Step #1[edit | edit source]
The first step was conducted using the official evaluation kit (EVK) by NXP. The goal was to make the Social-Distancing project to work on this platform maintaining the core functionalities. In essence, the code was modified to replace the OpenPose library with PoseNet. This was required to cope with the operations actually supported by the NXP eIQ software stack and the NPU. For those who are familiar with embedded software development, this should be unsurprising. When porting applications from PC-like platforms to embedded platforms, in fact, handling such hardware/software constraints is a common practice.
The resulting processing pipeline is shown in the following figure.
The yellow boxes indicate processing performed by the ARM cores, while the green one refers to the computation carried out by the NPU.
The following screenshots show the application running on the EVK.
It is worth remembering that, even though OpenPose was replaced, the software interface between high-level layers and PoseNet was not altered allowing to keep untouched these layers.

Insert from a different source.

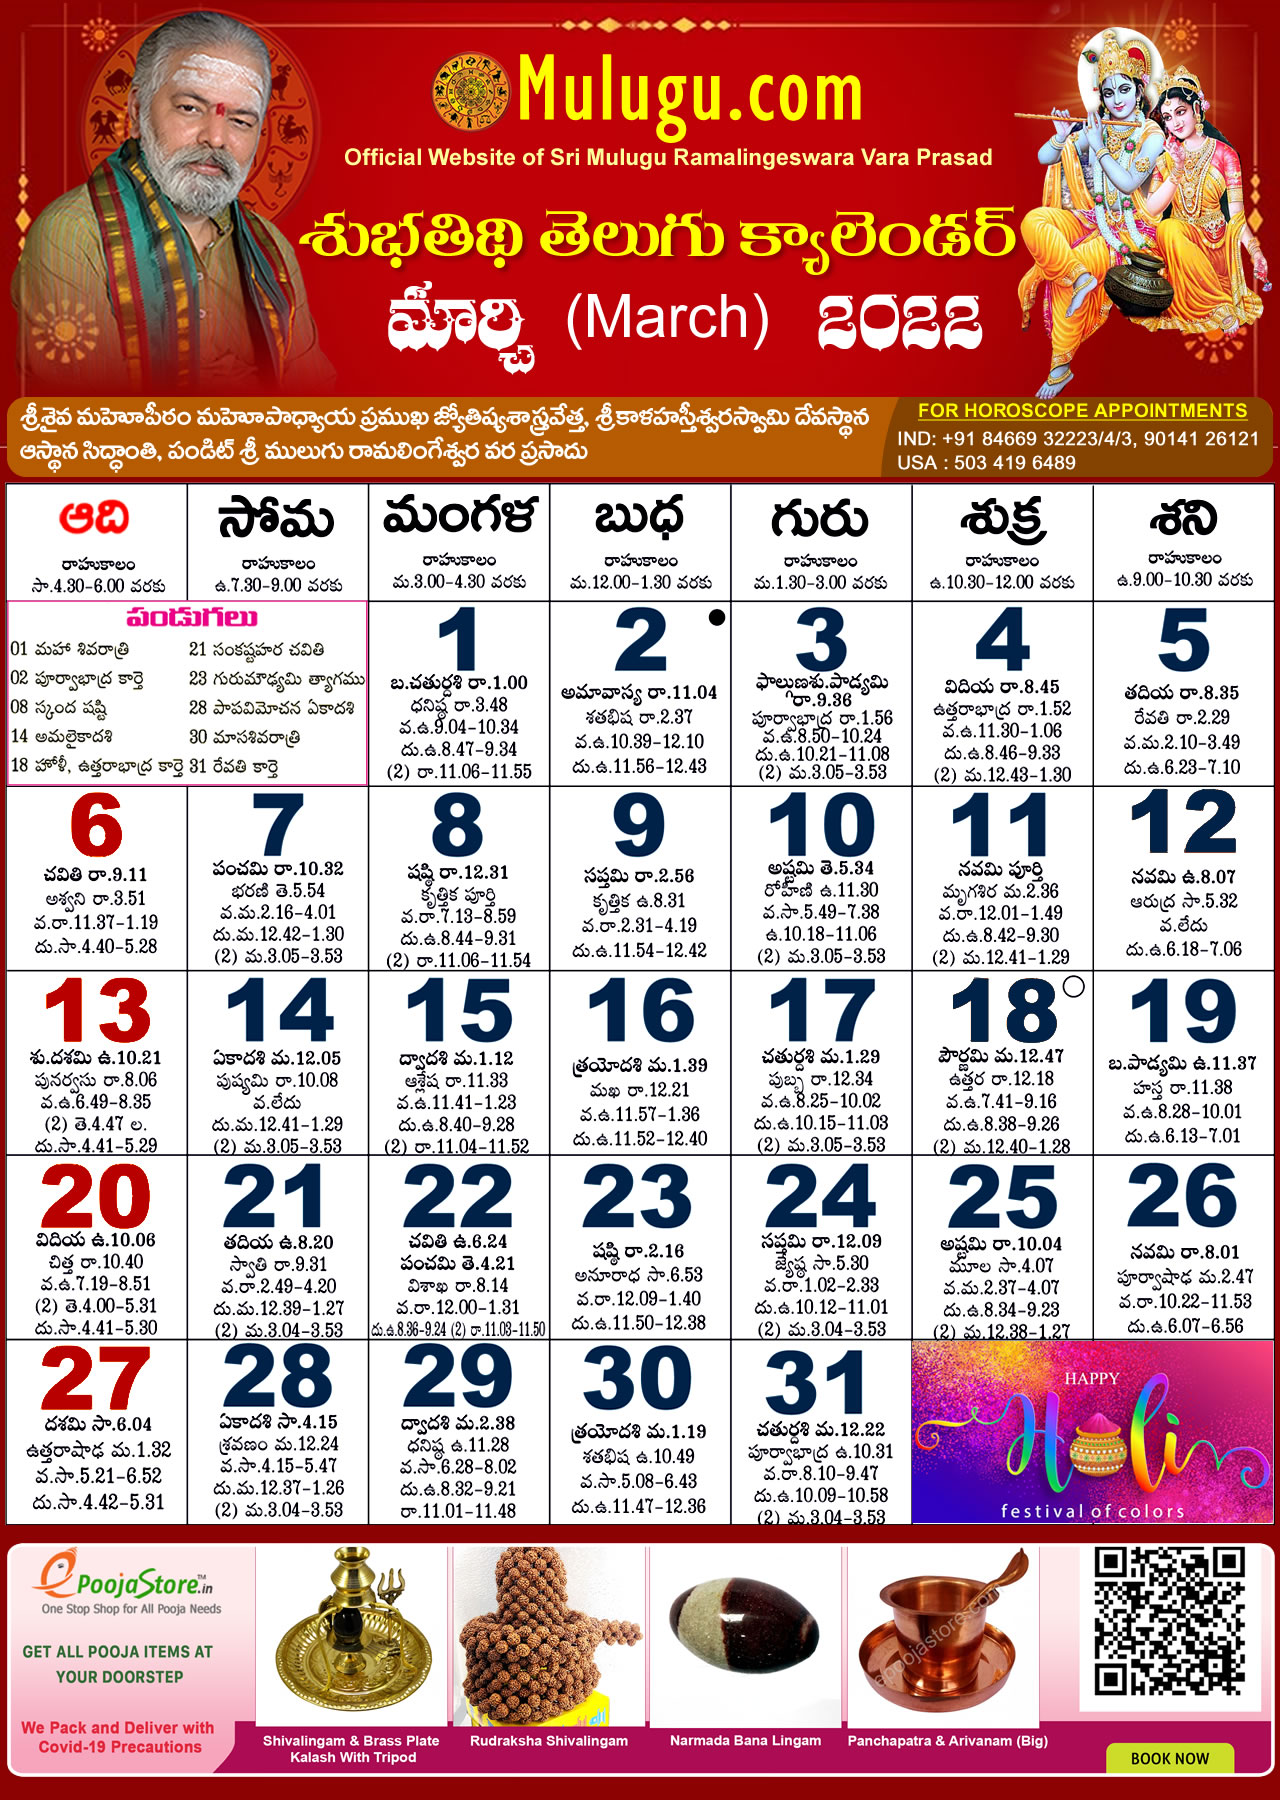 Telugu 2022 Calendar Subhathidi March Telugu Calendar 2022 | Telugu Calendar 2022 - 2023 | Telugu  Subhathidi Calendar 2022 | Calendar 2022 | Telugu Calendar 2022 |  Subhathidi Calendar 2022 | Chicago Calendar 2022 |

Step #2[edit | edit source]
Step #2 concerned implementing some optimizations in order to increase the overall frame rate.
As usual, before implementing any optimization, the code was profiled in order to detect the portions that made sense to optimize. In addition to traditional, well-know techniques, specific NPU-related tools were used as well. For instance, the following dump shows a detailed report referring to the execution of a Convolutional Neural Network (CNN) on the accelerator.
|LAYER ID||LAYER NAME||OPERATION ID||OPERATION TYPE||TARGET||CYCLES||READ BW [MByte]||WRITE BW [MByte]||AXI READ BW [MByte]||AXI WRITE BW [MByte]||DDR READ BW [MByte]||DDR WRITE BW [MByte]||TIME [μs]|
Combining the results of profiling with a manual analysis of the code, it was decided to work on the operations performed before the inference. Basically, these tasks were restructured to implement a parallel computation for the purpose of leveraging the quad-core ARM Cortex-A53 cluster. The resulting architecture is depicted in the following figure.
Step #3[edit | edit source]
In this step, the application was migrated to the definitive hardware platform, the aforementioned ORCA SBC, which was designed while the software team was working on the EVK.
Testing[edit | edit source]
The following clip shows the application running on the ORCA SBC.
In the example, the system was fed with a 640x360 25fps stream. On average, the frame rate of the processed stream is 23 fps.
This screenshot illustrates the CPU load during the execution of the application. As expected, the 4 ARM cores are almost fully loaded because of parallel computation implemented in the algorithm.
For convenience, this test was run using an MPEG4 video file as input. Well-known OpenCV libraries were used to decompress the video and to retrieve the frames. At the time of this writing, these libraries did not support i.MX8M Plus's hardware video decoder. As such, it should be taken into account that video decompression is carried out by the ARM cores as well. Thus, in the case of an uncompressed live stream captured from a camera, it is expected to have further processing headroom for the core computations.